> [Recorded data]:
*-*-*

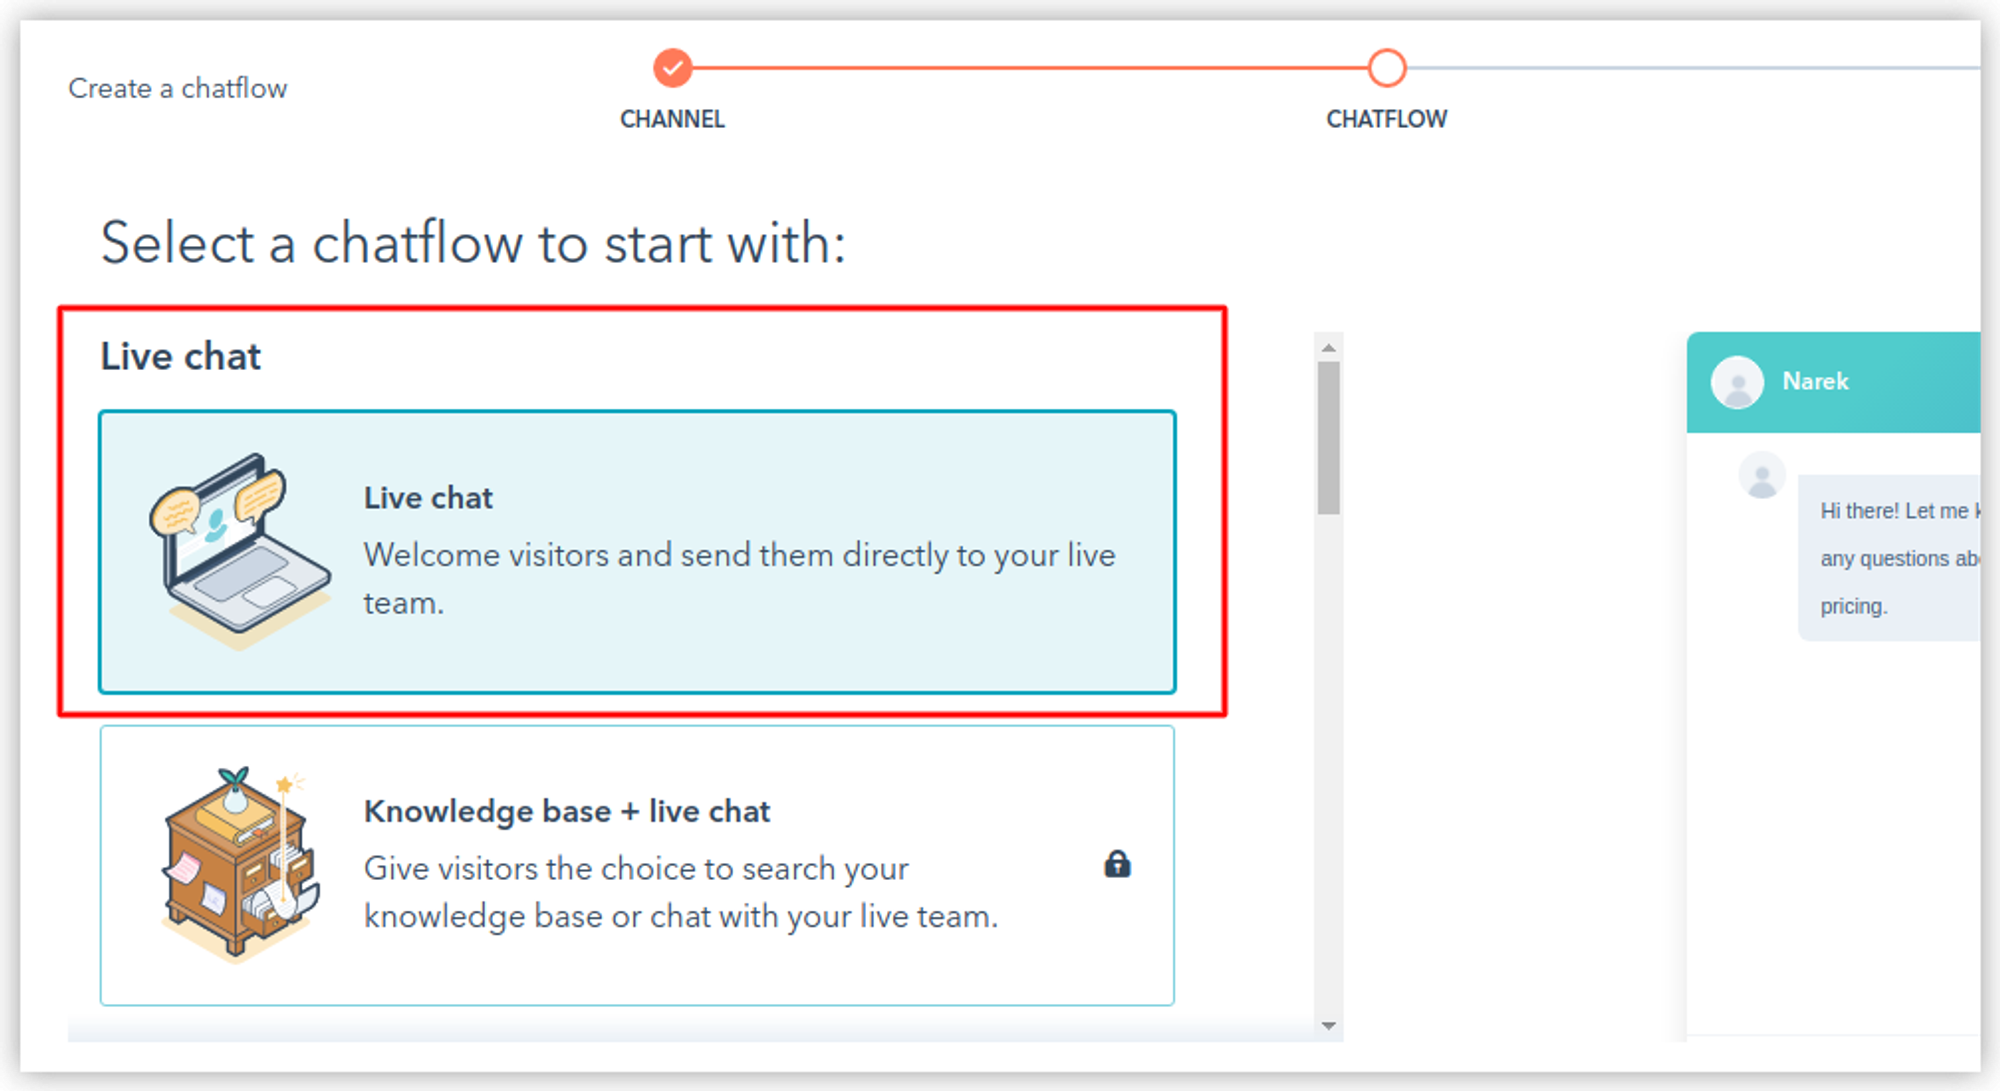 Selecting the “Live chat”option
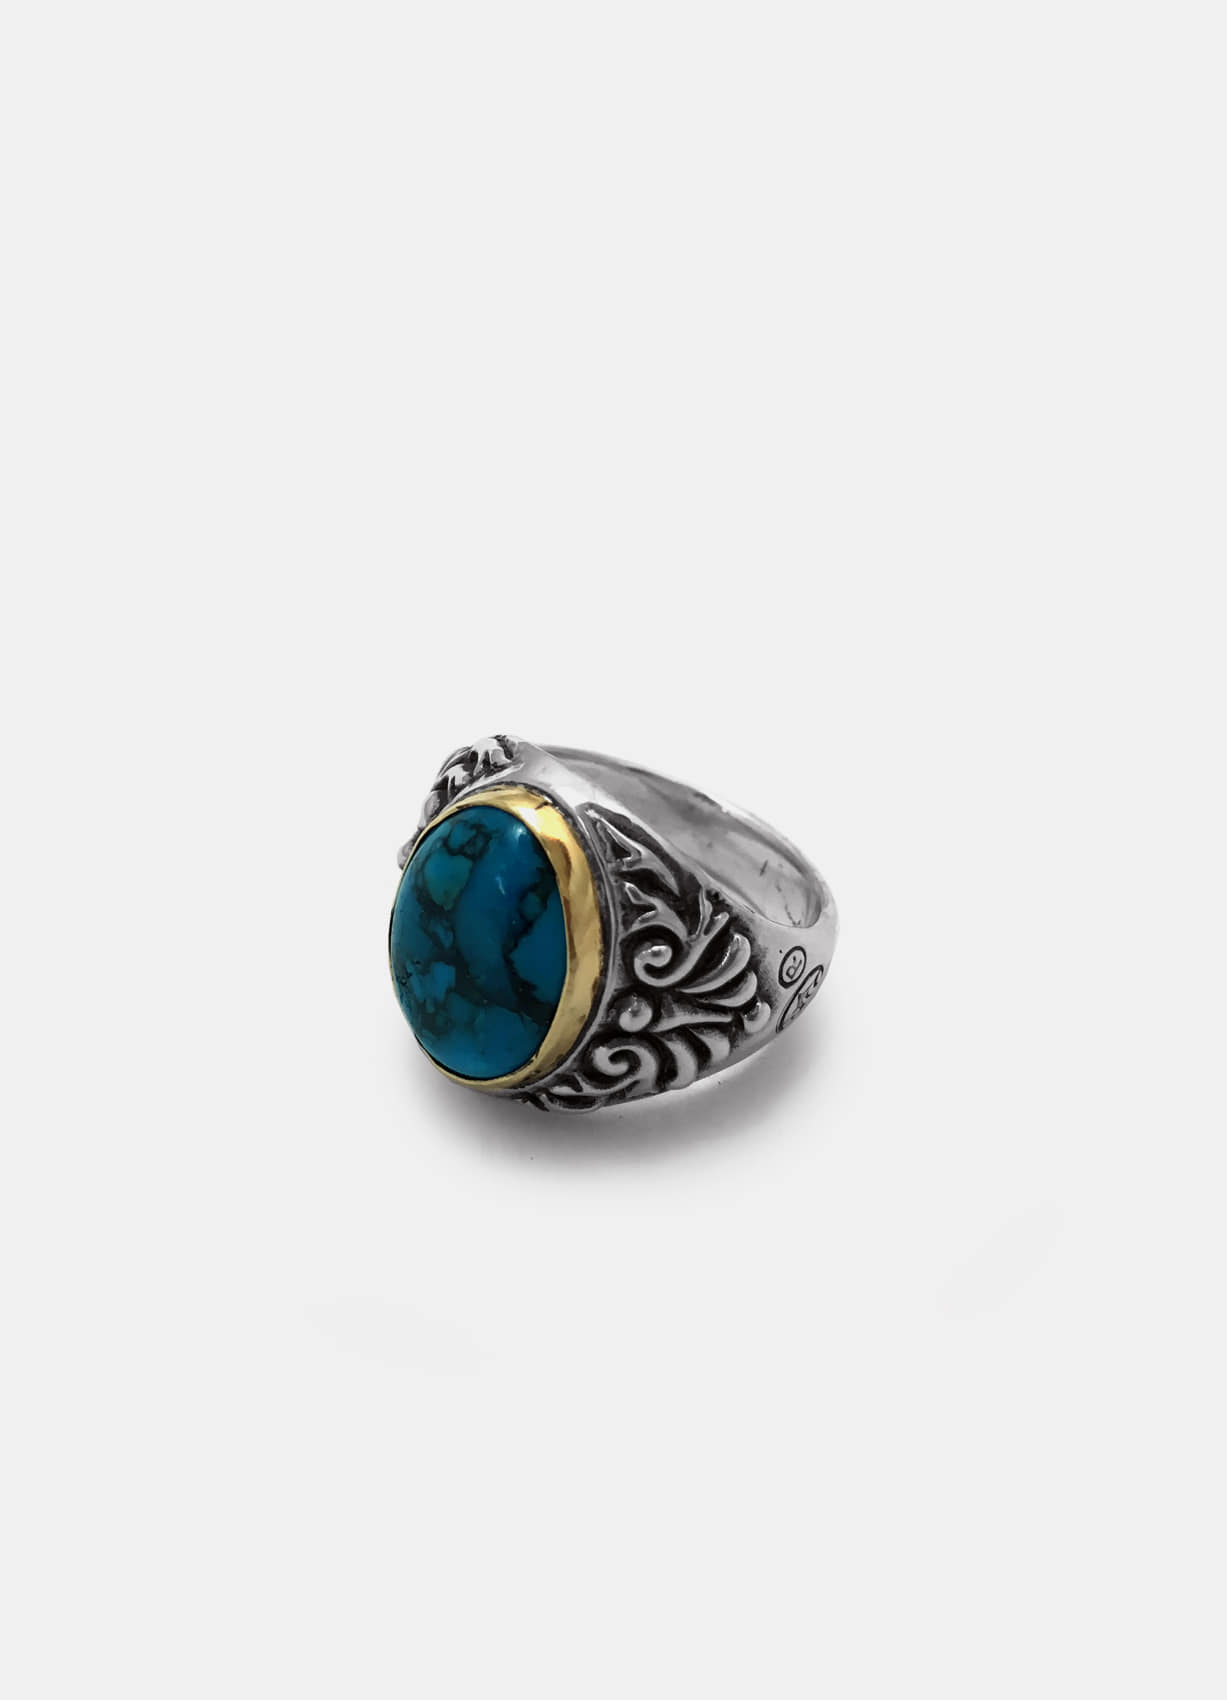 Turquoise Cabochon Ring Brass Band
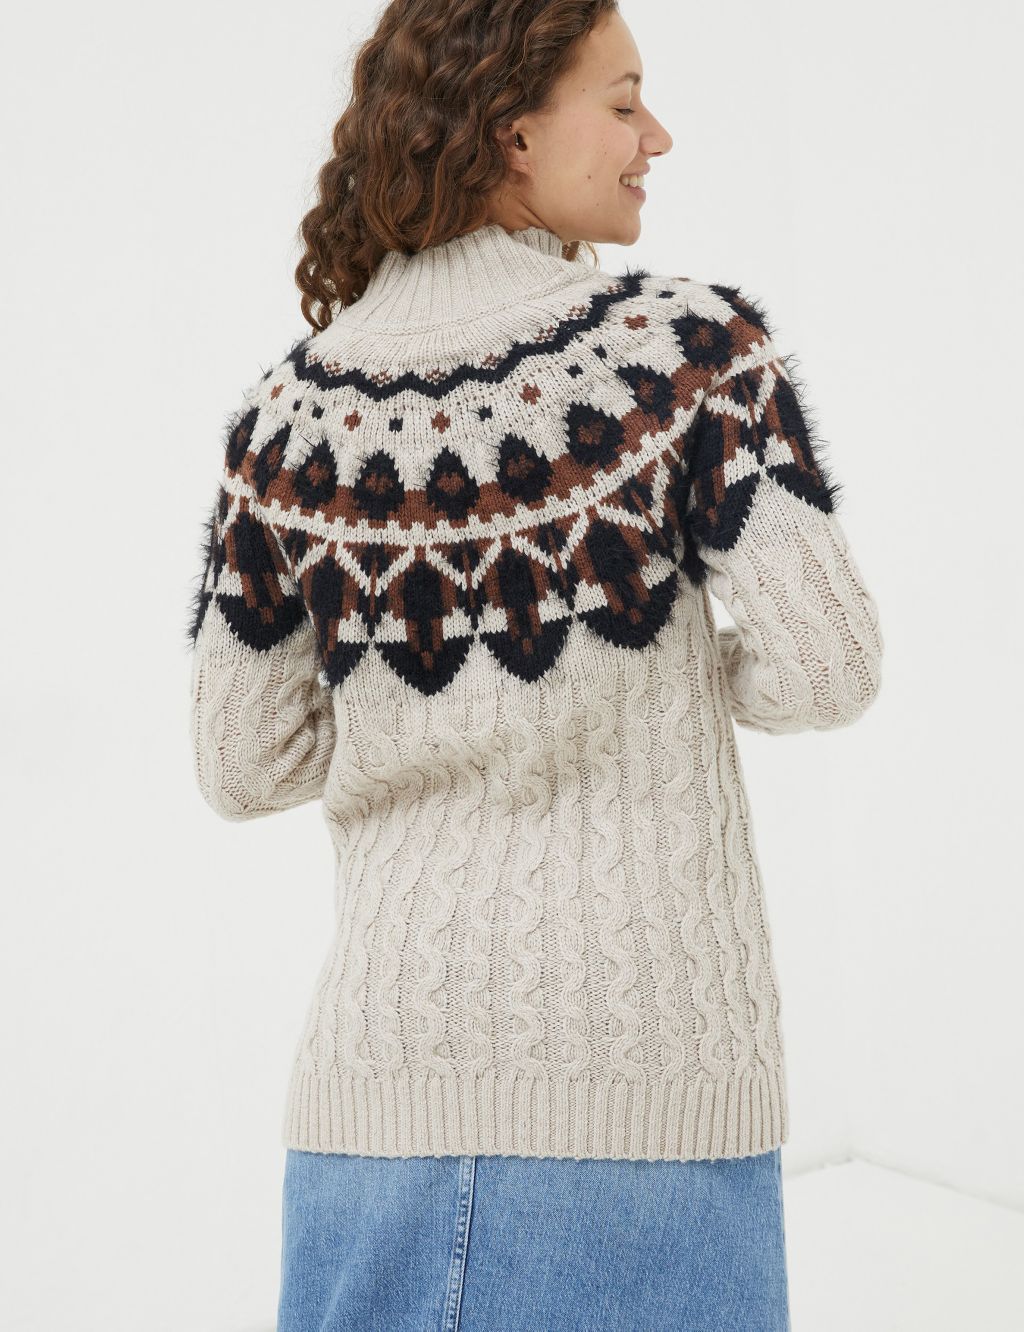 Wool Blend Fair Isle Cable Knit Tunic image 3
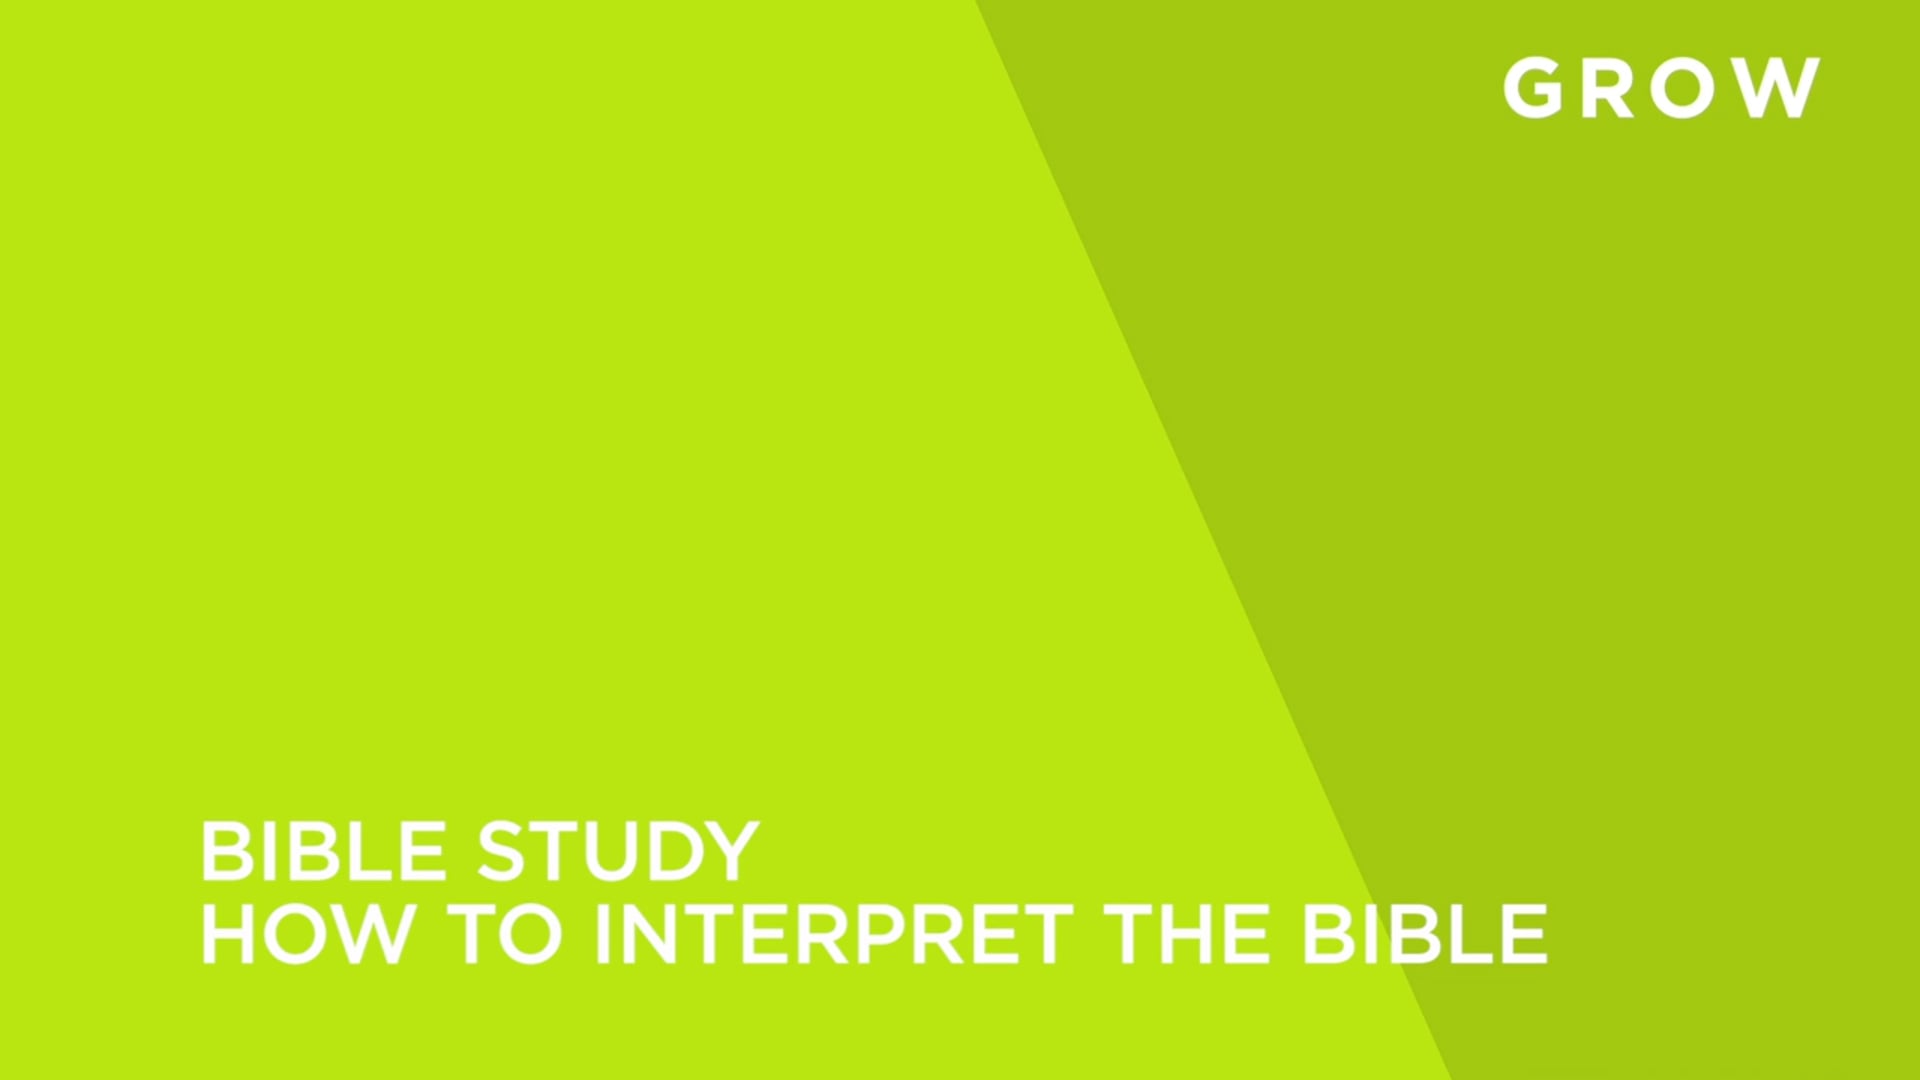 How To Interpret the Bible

*-*-*

> [Aim of the exercise]: Would you return the whole listing exactly, without the pictures?

> [Finished exercise]:
 Selecting the “Live chat”option
 Turquoise Cabochon Ring Brass Band
 Wool Blend Fair Isle Cable Knit Tunic image 3
 How To Interpret the Bible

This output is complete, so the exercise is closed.